— GIVEN MATERIAL —
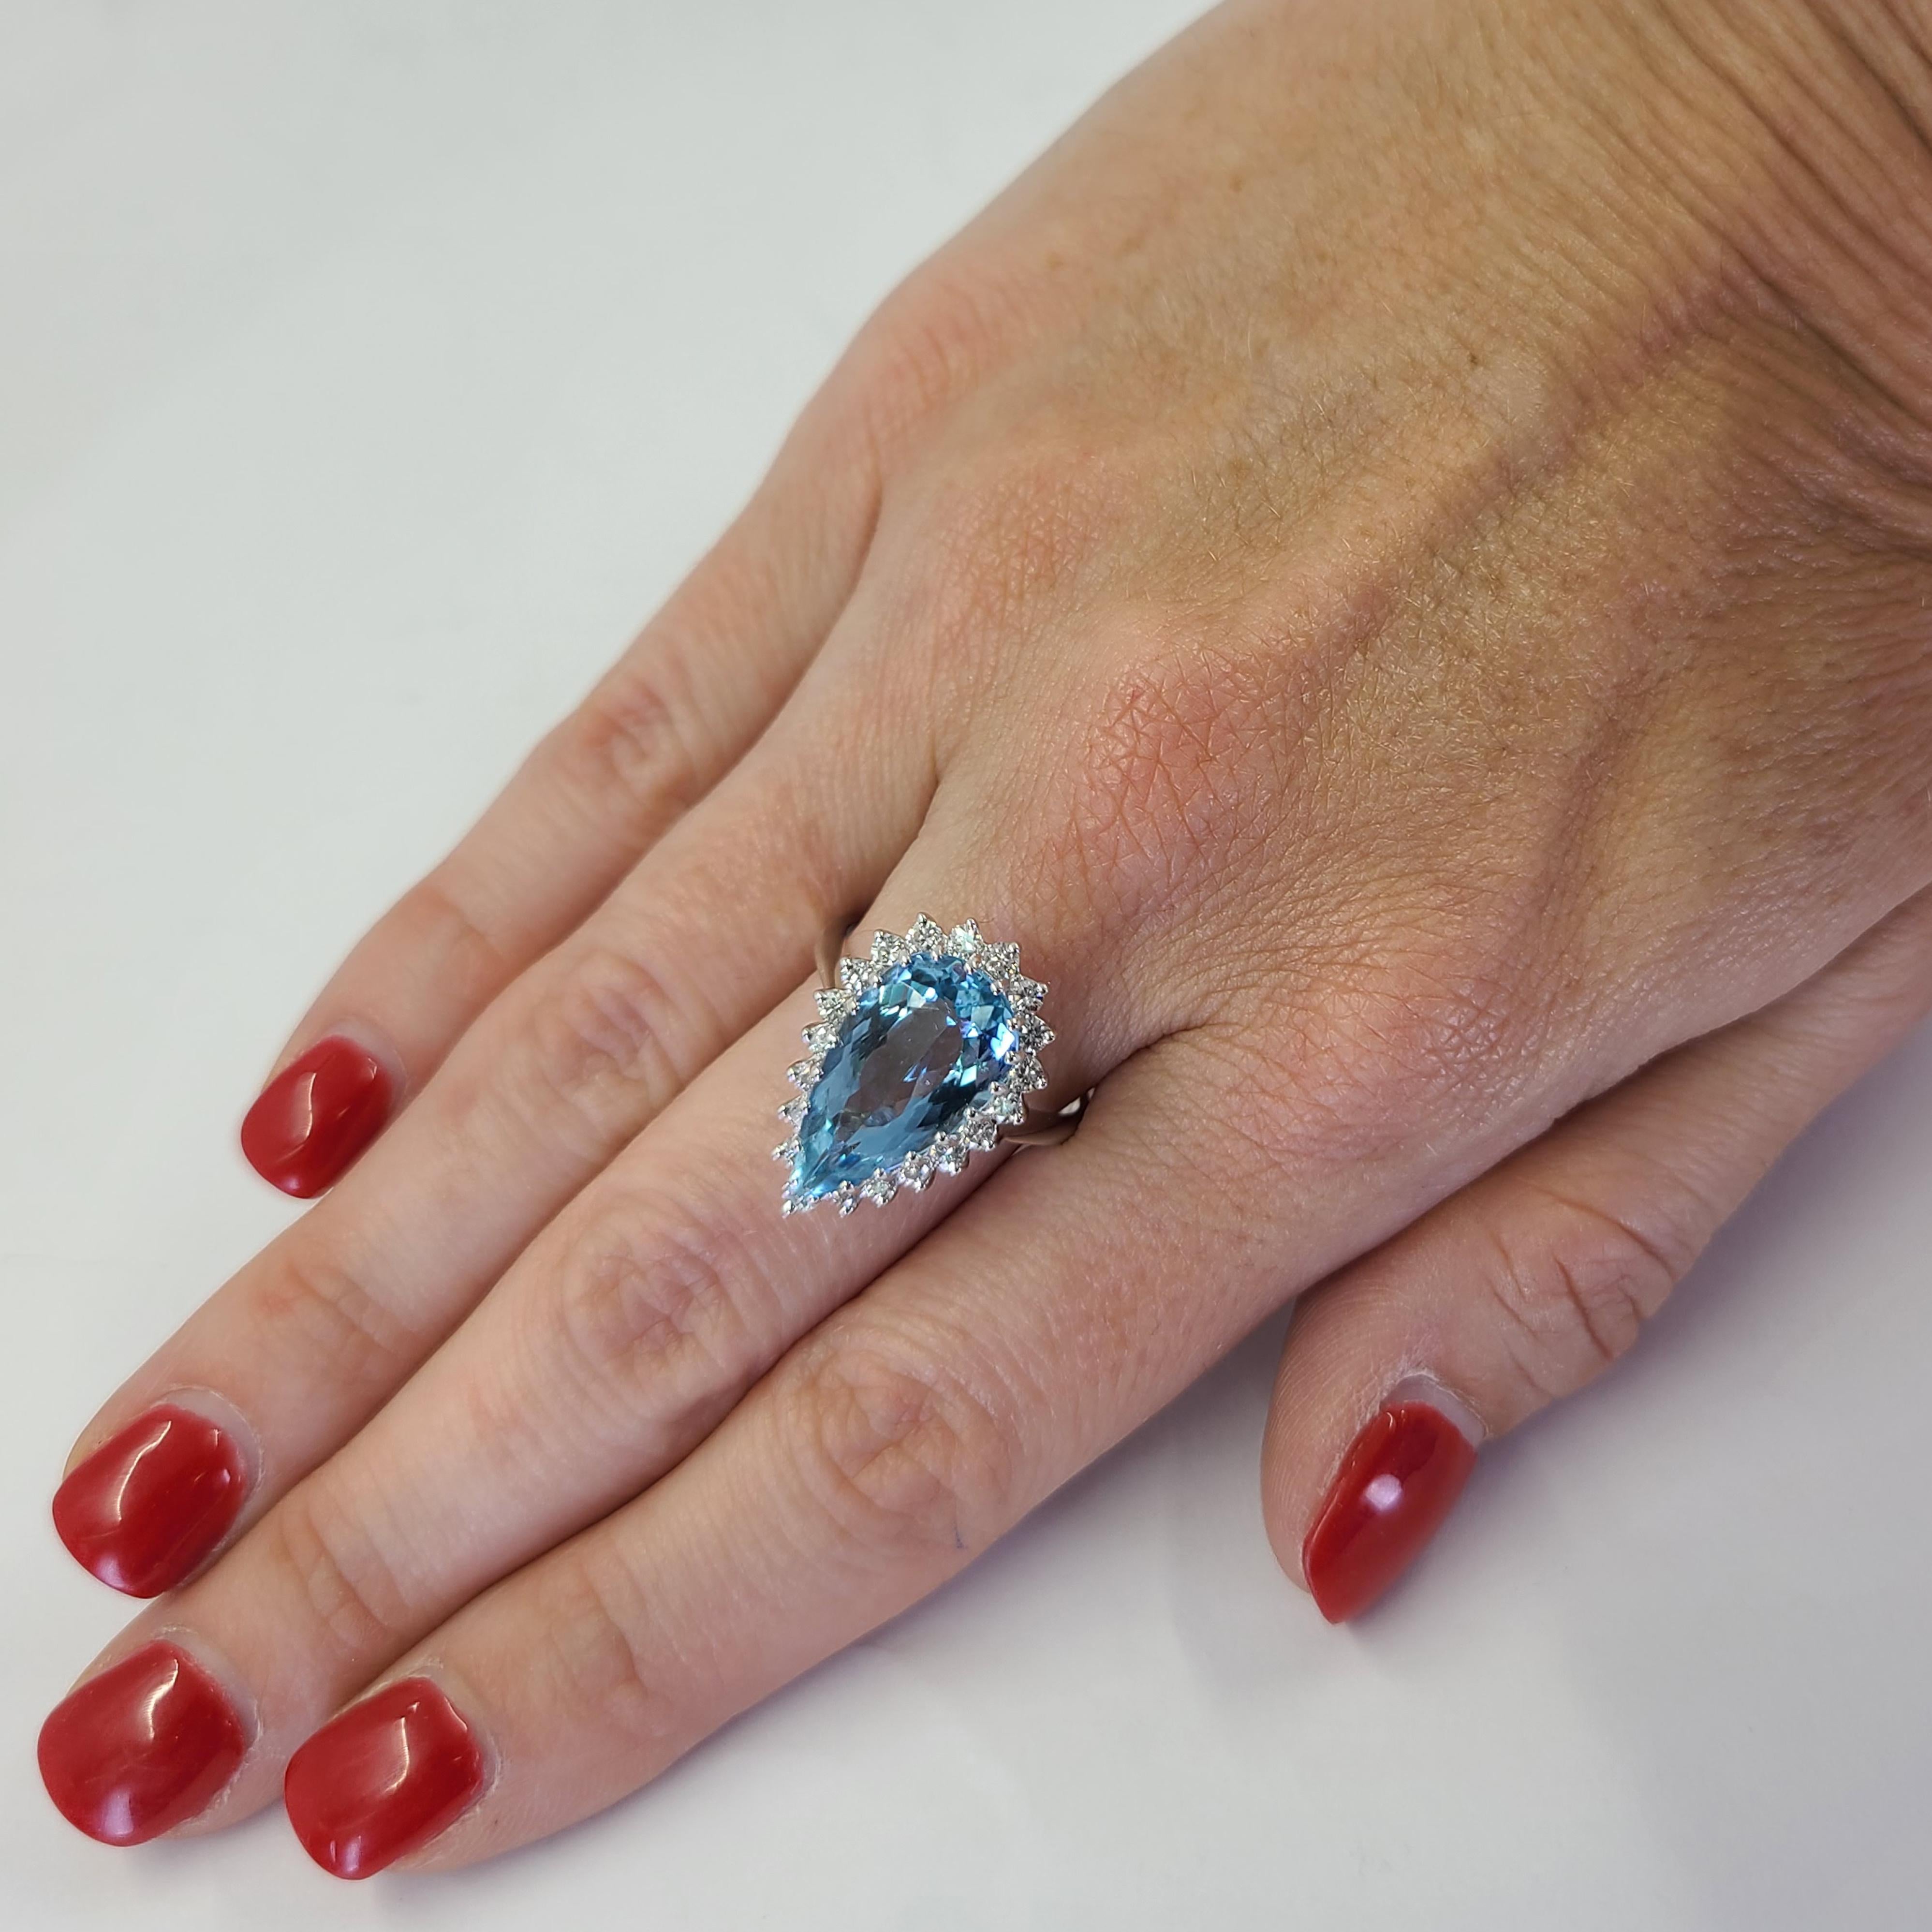 14 Karat White Gold Ring Featuring A 3.50 Carat Bright Blue Pear Cut Aquamarine Accented By A Halo of 20 Round Diamonds of VS Clarity and G Color Totaling 0.60 Carats. Finger Size 8; Purchase Includes One Sizing Service Prior to Shipping. Finished
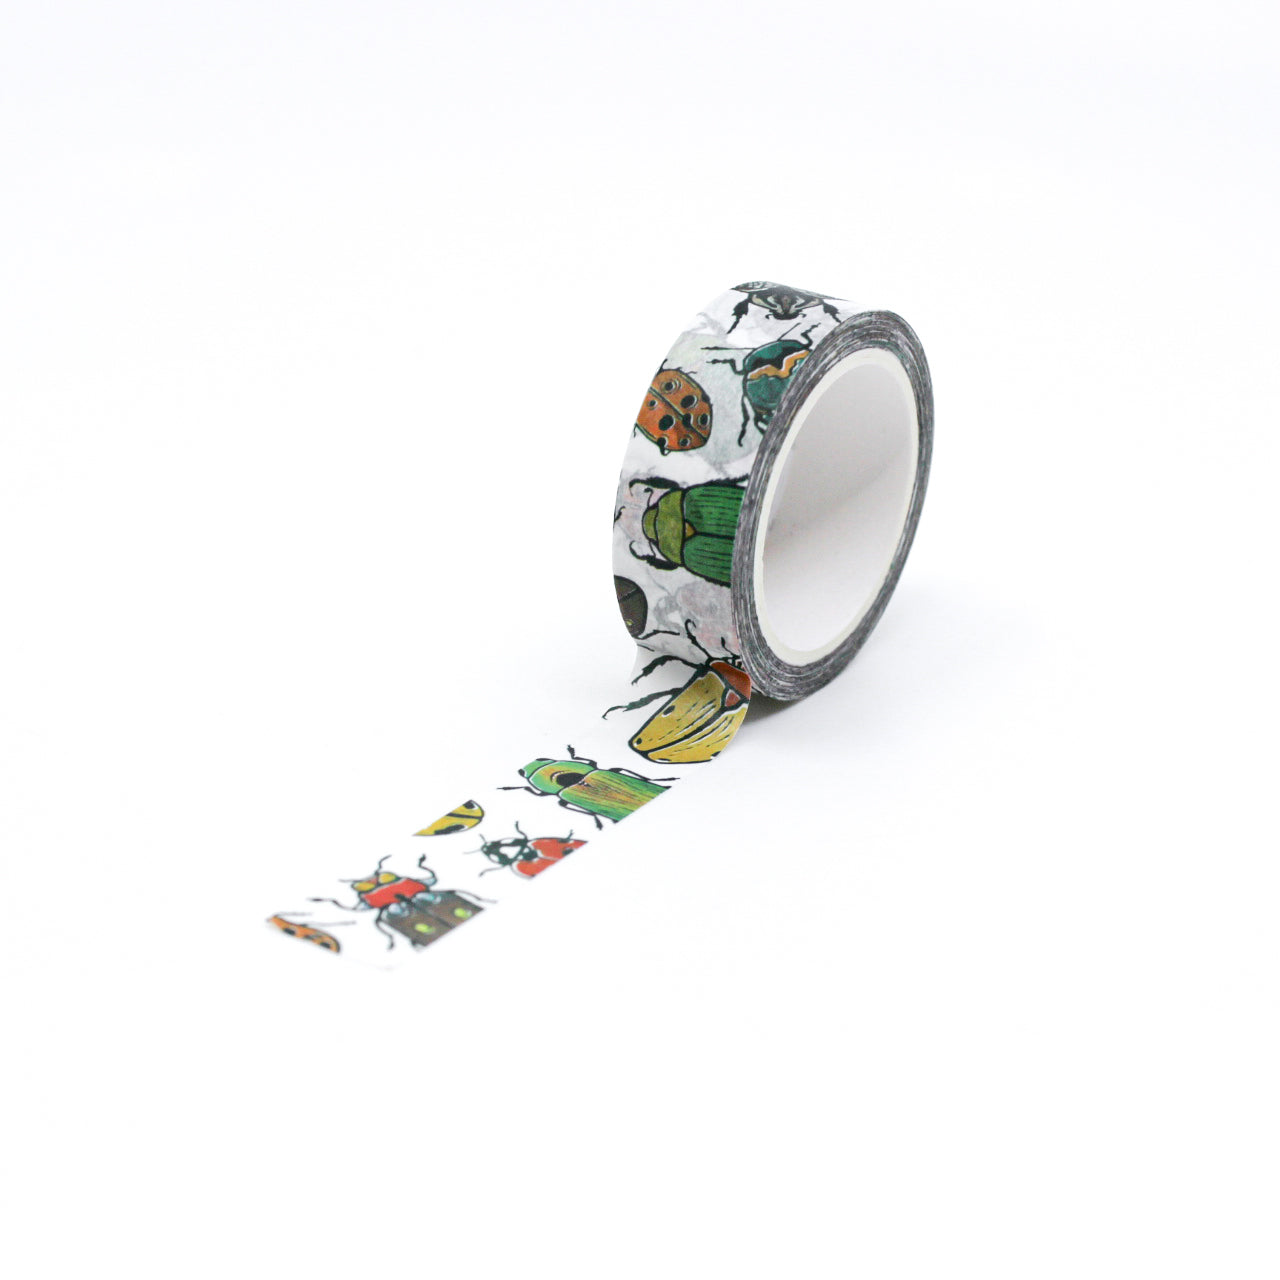 Beautiful Beetles Washi Tape, featuring intricate beetle illustrations, a stunning addition to your crafting supplies. This tape is from Root & Branch Paper Co. and sold at BBB Supplies Craft Shop.
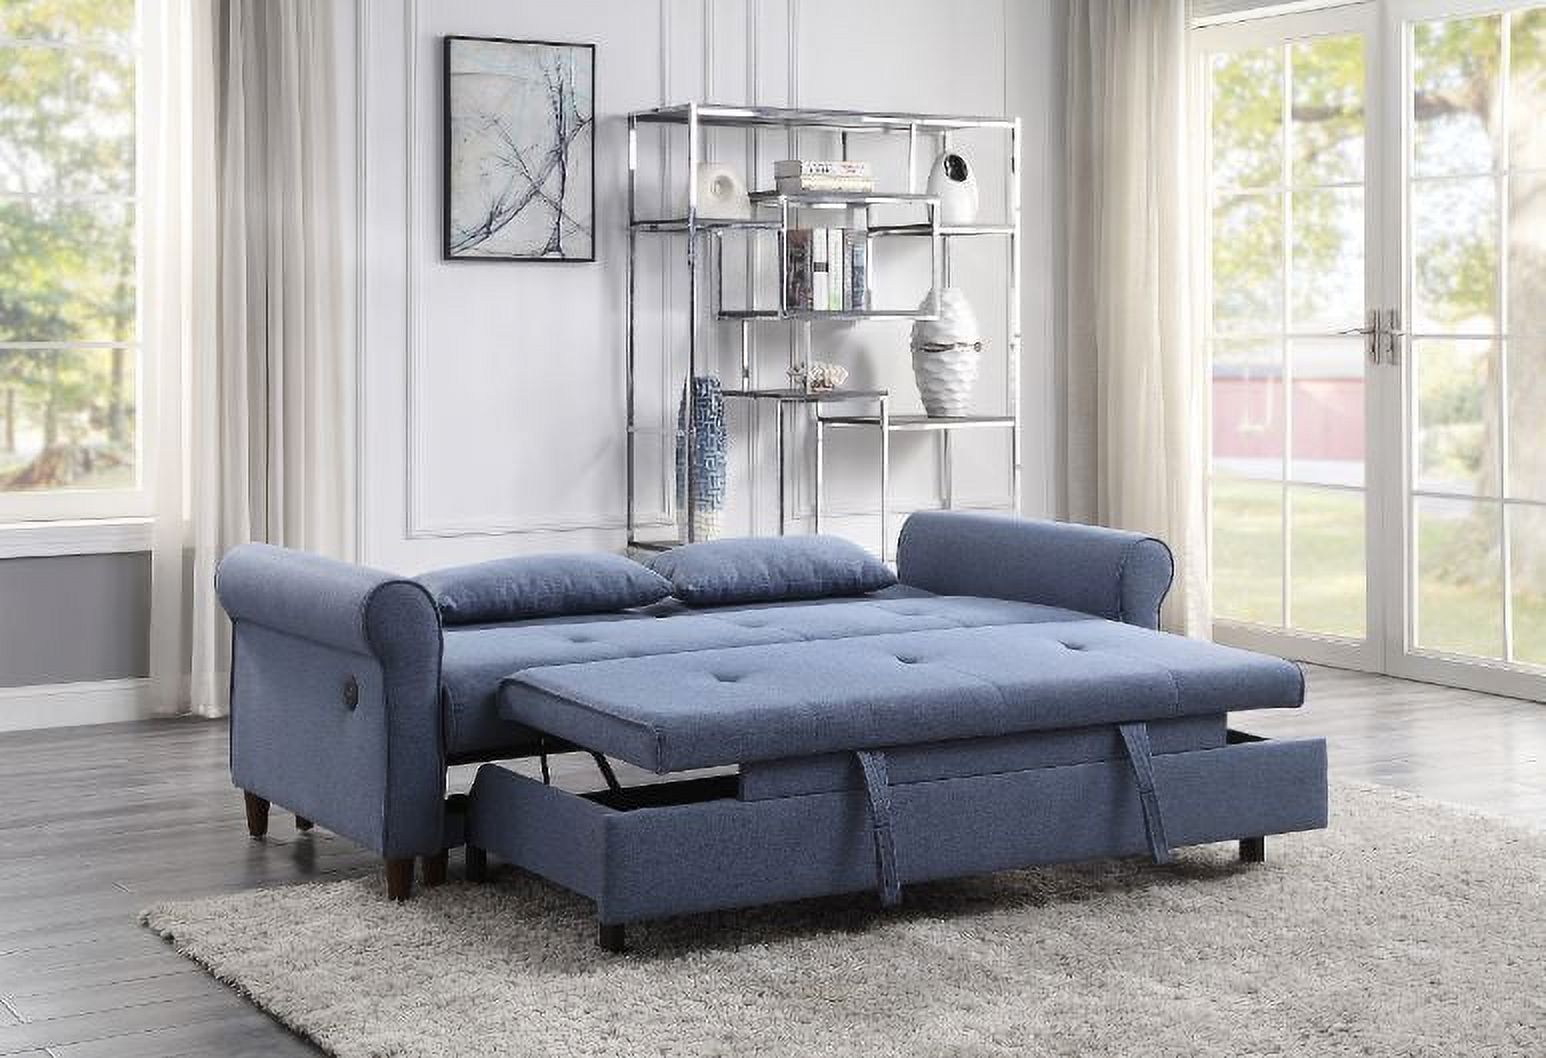 Blue Contemporary Living Room Furniture Pull-out Sleeper Sofa Built in USB Port - image 1 of 3

— TRY IT —
Restate, line by line and word for word, everything from the top of the material through the line that contains "Beautiful Beetles Washi". Leave pictures out.

— TASK SOLUTION —
 14 Karat White Gold Ring Featuring A 3.50 Carat Bright Blue Pear Cut Aquamarine Accented By A Halo of 20 Round Diamonds of VS Clarity and G Color Totaling 0.60 Carats. Finger Size 8; Purchase Includes One Sizing Service Prior to Shipping. Finished
 Beautiful Beetles Washi Tape, featuring intricate beetle illustrations, a stunning addition to your crafting supplies. This tape is from Root & Branch Paper Co. and sold at BBB Supplies Craft Shop.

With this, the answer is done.